WORK REQUIRED
Please give again, word for word, the line that contains "Happy senior man" and every line after it to the end of the data, with no other lines.

SUPPLIED DATA
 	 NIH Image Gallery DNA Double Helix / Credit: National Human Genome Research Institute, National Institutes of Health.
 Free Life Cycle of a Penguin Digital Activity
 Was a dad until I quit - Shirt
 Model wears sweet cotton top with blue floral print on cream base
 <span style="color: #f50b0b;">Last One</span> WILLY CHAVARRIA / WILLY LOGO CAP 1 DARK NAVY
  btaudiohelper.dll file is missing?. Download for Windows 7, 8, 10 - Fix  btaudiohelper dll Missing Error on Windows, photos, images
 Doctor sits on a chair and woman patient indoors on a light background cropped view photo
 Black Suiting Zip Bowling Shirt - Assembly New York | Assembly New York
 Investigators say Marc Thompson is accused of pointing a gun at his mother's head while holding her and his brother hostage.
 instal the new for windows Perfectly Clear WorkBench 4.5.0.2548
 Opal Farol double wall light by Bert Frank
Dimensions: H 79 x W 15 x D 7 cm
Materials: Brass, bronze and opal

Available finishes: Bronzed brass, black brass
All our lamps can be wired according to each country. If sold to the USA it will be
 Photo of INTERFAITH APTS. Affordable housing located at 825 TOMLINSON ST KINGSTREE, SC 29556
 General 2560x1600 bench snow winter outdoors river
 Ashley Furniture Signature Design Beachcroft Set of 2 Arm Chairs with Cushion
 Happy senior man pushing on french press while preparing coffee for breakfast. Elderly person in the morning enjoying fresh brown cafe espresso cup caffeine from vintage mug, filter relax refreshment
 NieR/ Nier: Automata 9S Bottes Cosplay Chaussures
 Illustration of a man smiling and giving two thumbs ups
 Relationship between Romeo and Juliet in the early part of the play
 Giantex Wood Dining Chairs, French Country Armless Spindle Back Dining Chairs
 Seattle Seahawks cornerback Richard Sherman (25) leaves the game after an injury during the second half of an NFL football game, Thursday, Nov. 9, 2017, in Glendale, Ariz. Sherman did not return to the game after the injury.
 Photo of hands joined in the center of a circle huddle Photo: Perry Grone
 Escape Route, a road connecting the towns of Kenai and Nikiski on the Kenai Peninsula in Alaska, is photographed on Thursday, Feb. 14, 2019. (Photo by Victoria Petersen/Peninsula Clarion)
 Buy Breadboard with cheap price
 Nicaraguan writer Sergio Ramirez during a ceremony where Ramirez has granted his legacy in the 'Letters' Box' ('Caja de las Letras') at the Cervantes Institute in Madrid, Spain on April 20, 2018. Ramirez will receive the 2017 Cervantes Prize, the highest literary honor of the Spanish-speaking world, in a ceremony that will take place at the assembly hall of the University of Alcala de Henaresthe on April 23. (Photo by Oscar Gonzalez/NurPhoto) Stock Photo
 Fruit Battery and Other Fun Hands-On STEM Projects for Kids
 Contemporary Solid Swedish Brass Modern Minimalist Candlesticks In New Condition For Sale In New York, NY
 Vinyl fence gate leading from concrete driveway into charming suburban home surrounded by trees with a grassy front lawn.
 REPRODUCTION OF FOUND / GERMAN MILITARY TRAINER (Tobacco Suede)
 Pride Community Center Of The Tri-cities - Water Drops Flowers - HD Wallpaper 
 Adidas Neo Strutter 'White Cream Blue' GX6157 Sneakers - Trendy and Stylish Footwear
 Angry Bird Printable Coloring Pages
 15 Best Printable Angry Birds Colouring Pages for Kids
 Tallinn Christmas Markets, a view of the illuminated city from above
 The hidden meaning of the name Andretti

WRITTEN RESPONSE
 Happy senior man pushing on french press while preparing coffee for breakfast. Elderly person in the morning enjoying fresh brown cafe espresso cup caffeine from vintage mug, filter relax refreshment
 NieR/ Nier: Automata 9S Bottes Cosplay Chaussures
 Illustration of a man smiling and giving two thumbs ups
 Relationship between Romeo and Juliet in the early part of the play
 Giantex Wood Dining Chairs, French Country Armless Spindle Back Dining Chairs
 Seattle Seahawks cornerback Richard Sherman (25) leaves the game after an injury during the second half of an NFL football game, Thursday, Nov. 9, 2017, in Glendale, Ariz. Sherman did not return to the game after the injury.
 Photo of hands joined in the center of a circle huddle Photo: Perry Grone
 Escape Route, a road connecting the towns of Kenai and Nikiski on the Kenai Peninsula in Alaska, is photographed on Thursday, Feb. 14, 2019. (Photo by Victoria Petersen/Peninsula Clarion)
 Buy Breadboard with cheap price
 Nicaraguan writer Sergio Ramirez during a ceremony where Ramirez has granted his legacy in the 'Letters' Box' ('Caja de las Letras') at the Cervantes Institute in Madrid, Spain on April 20, 2018. Ramirez will receive the 2017 Cervantes Prize, the highest literary honor of the Spanish-speaking world, in a ceremony that will take place at the assembly hall of the University of Alcala de Henaresthe on April 23. (Photo by Oscar Gonzalez/NurPhoto) Stock Photo
 Fruit Battery and Other Fun Hands-On STEM Projects for Kids
 Contemporary Solid Swedish Brass Modern Minimalist Candlesticks In New Condition For Sale In New York, NY
 Vinyl fence gate leading from concrete driveway into charming suburban home surrounded by trees with a grassy front lawn.
 REPRODUCTION OF FOUND / GERMAN MILITARY TRAINER (Tobacco Suede)
 Pride Community Center Of The Tri-cities - Water Drops Flowers - HD Wallpaper 
 Adidas Neo Strutter 'White Cream Blue' GX6157 Sneakers - Trendy and Stylish Footwear
 Angry Bird Printable Coloring Pages
 15 Best Printable Angry Birds Colouring Pages for Kids
 Tallinn Christmas Markets, a view of the illuminated city from above
 The hidden meaning of the name Andretti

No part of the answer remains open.